> Source material
§
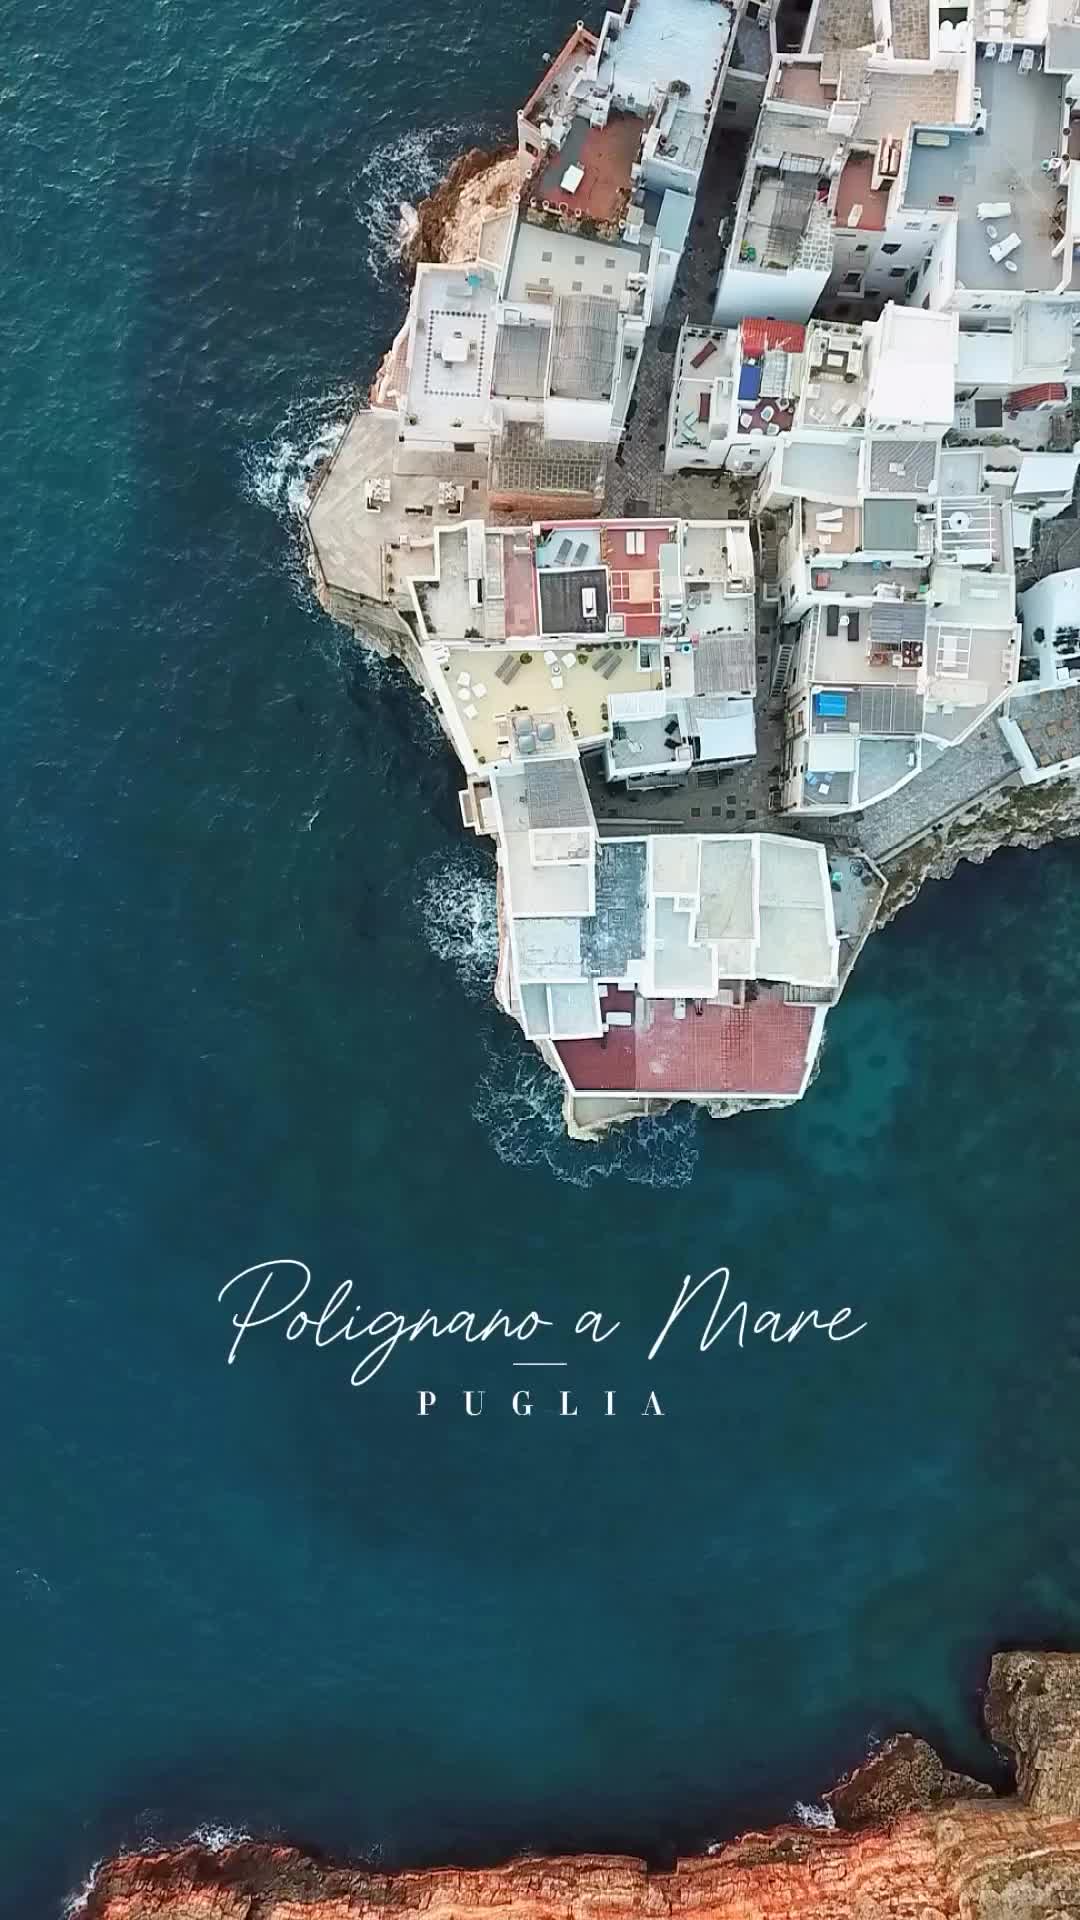 Discover Polignano a Mare: Puglia's Coastal Gem
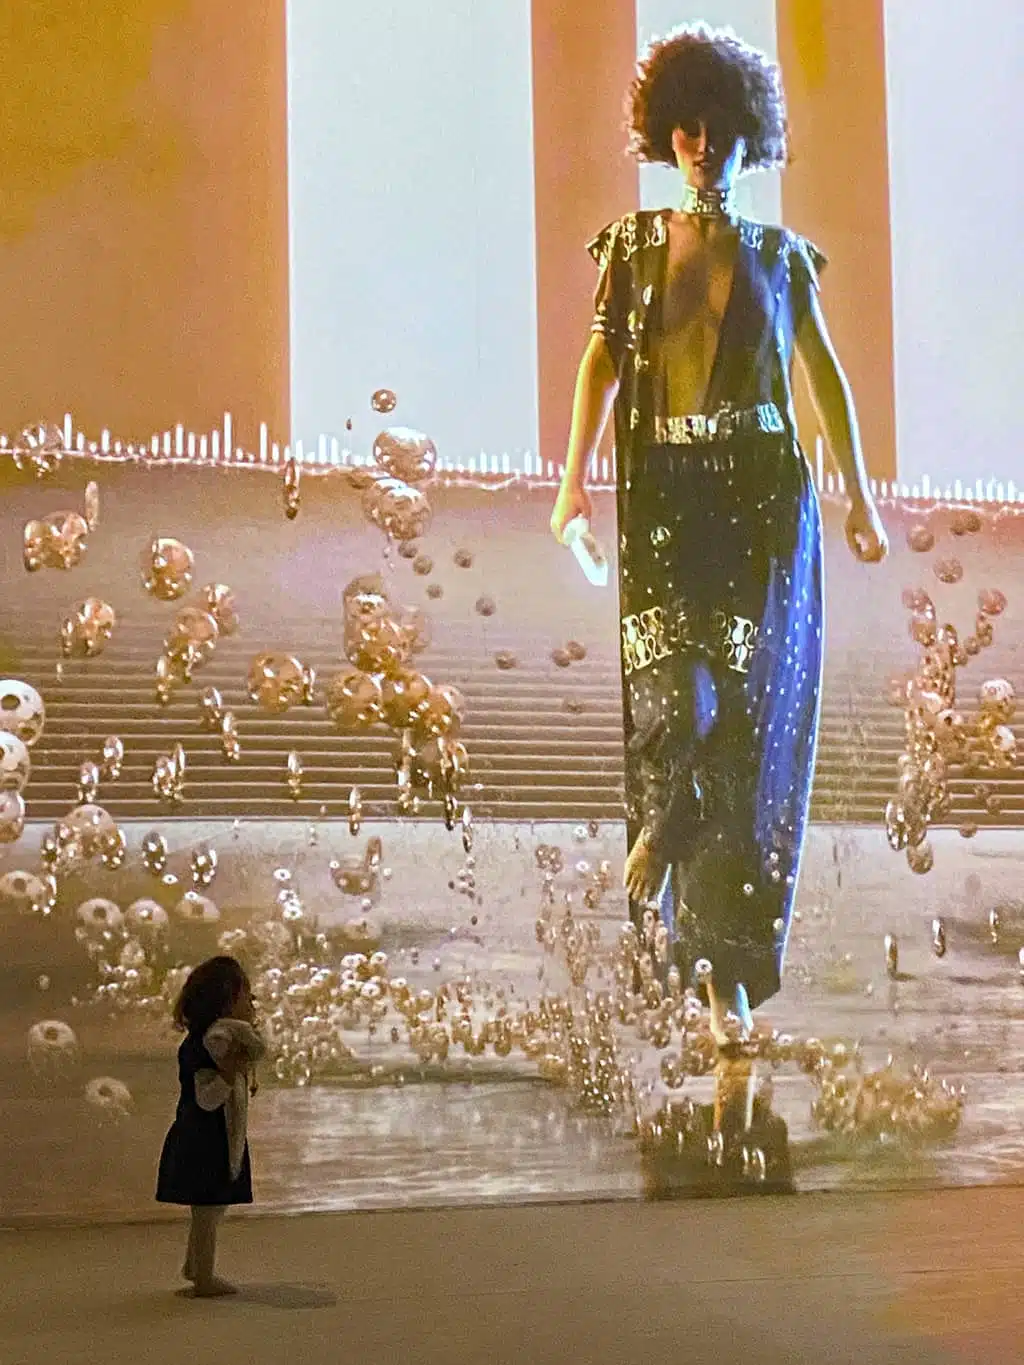 Une petite fille devant le grand écran projetant les oeuvres de Klimt lors de l'expostion immersive de Bruxelles
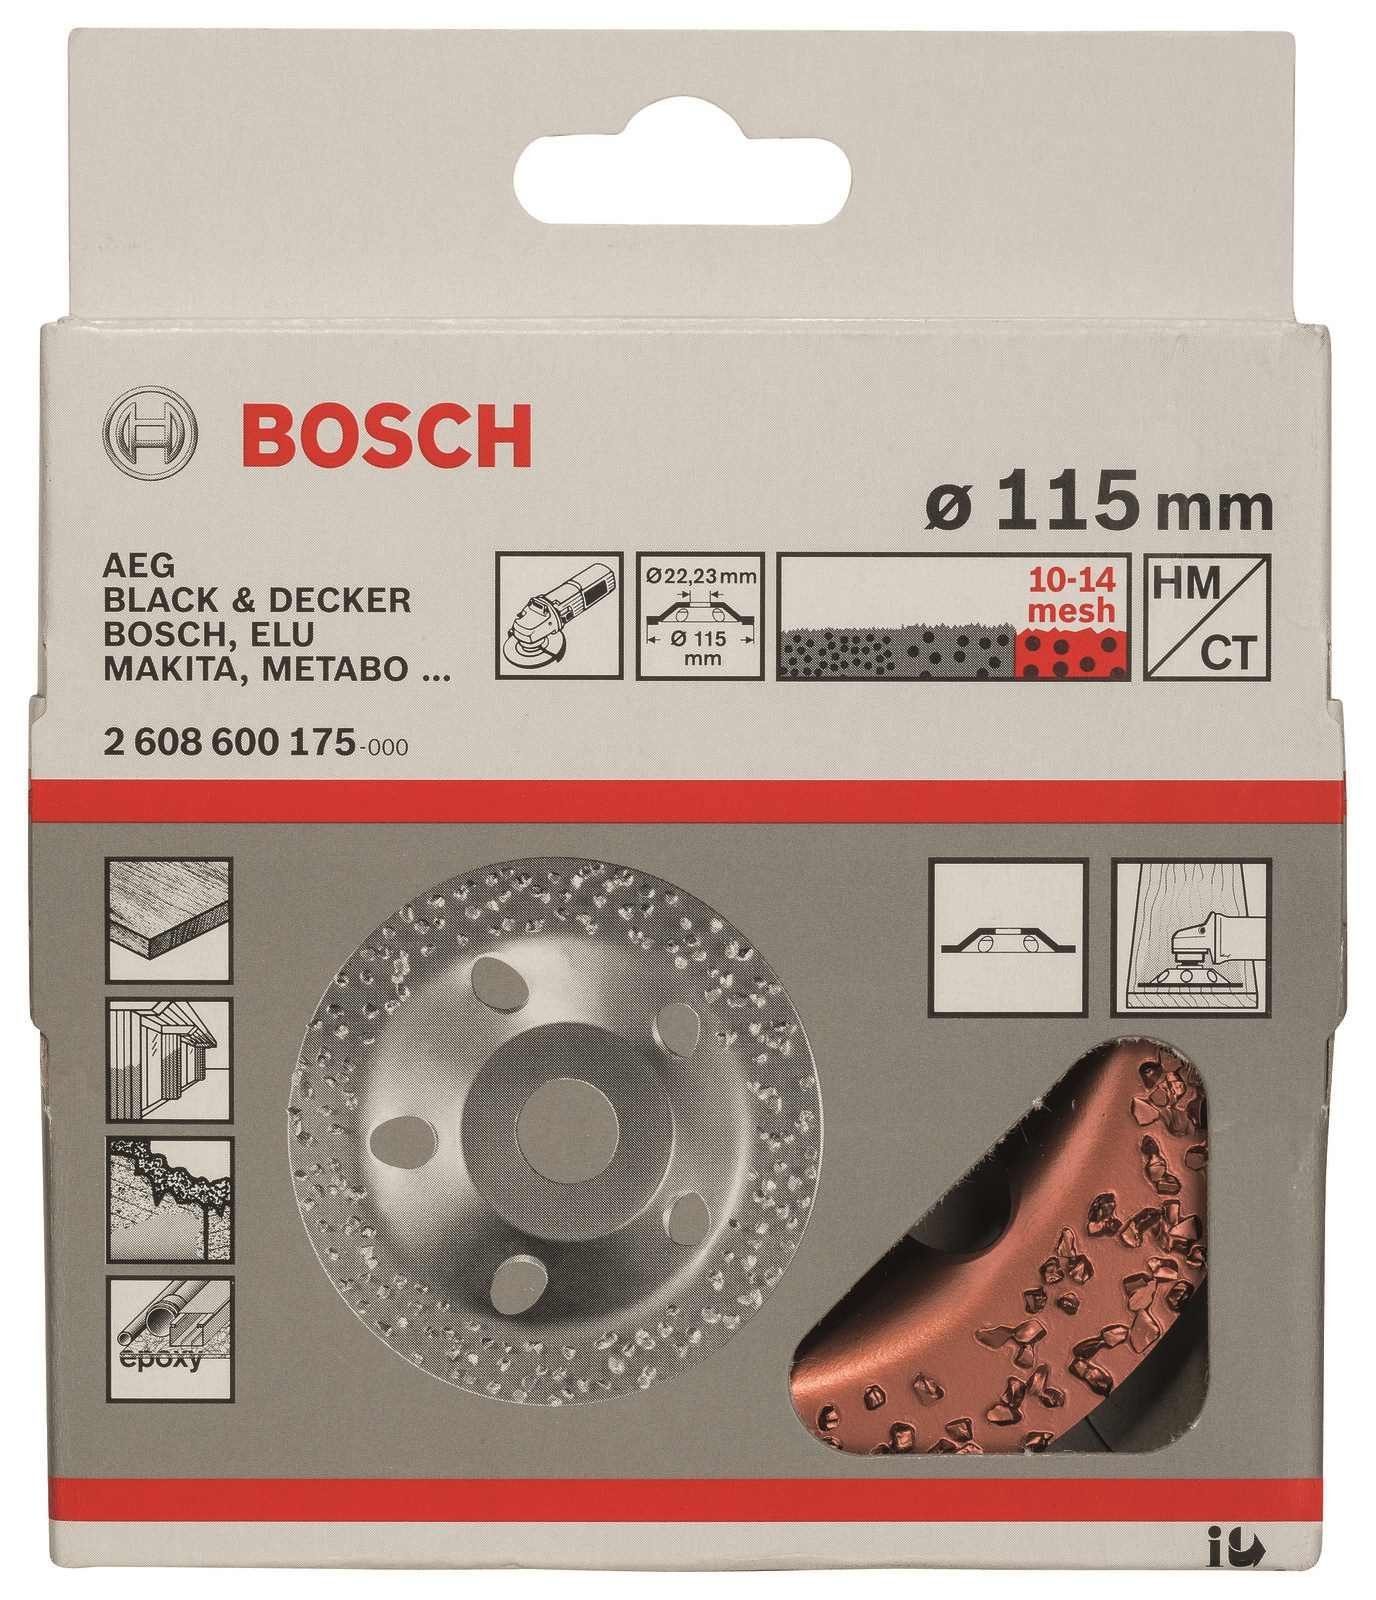 BOSCH Bohrfutter Bosch Professional Hartmetalltopfscheibe 115x22.23mm grob, 1 Stk.
§
> Work instruction
Leave the pictures out and reproduce exactly the lines from the line with "Une petite fille" to the end of the material above.

> Result of the task
 Une petite fille devant le grand écran projetant les oeuvres de Klimt lors de l'expostion immersive de Bruxelles
 BOSCH Bohrfutter Bosch Professional Hartmetalltopfscheibe 115x22.23mm grob, 1 Stk.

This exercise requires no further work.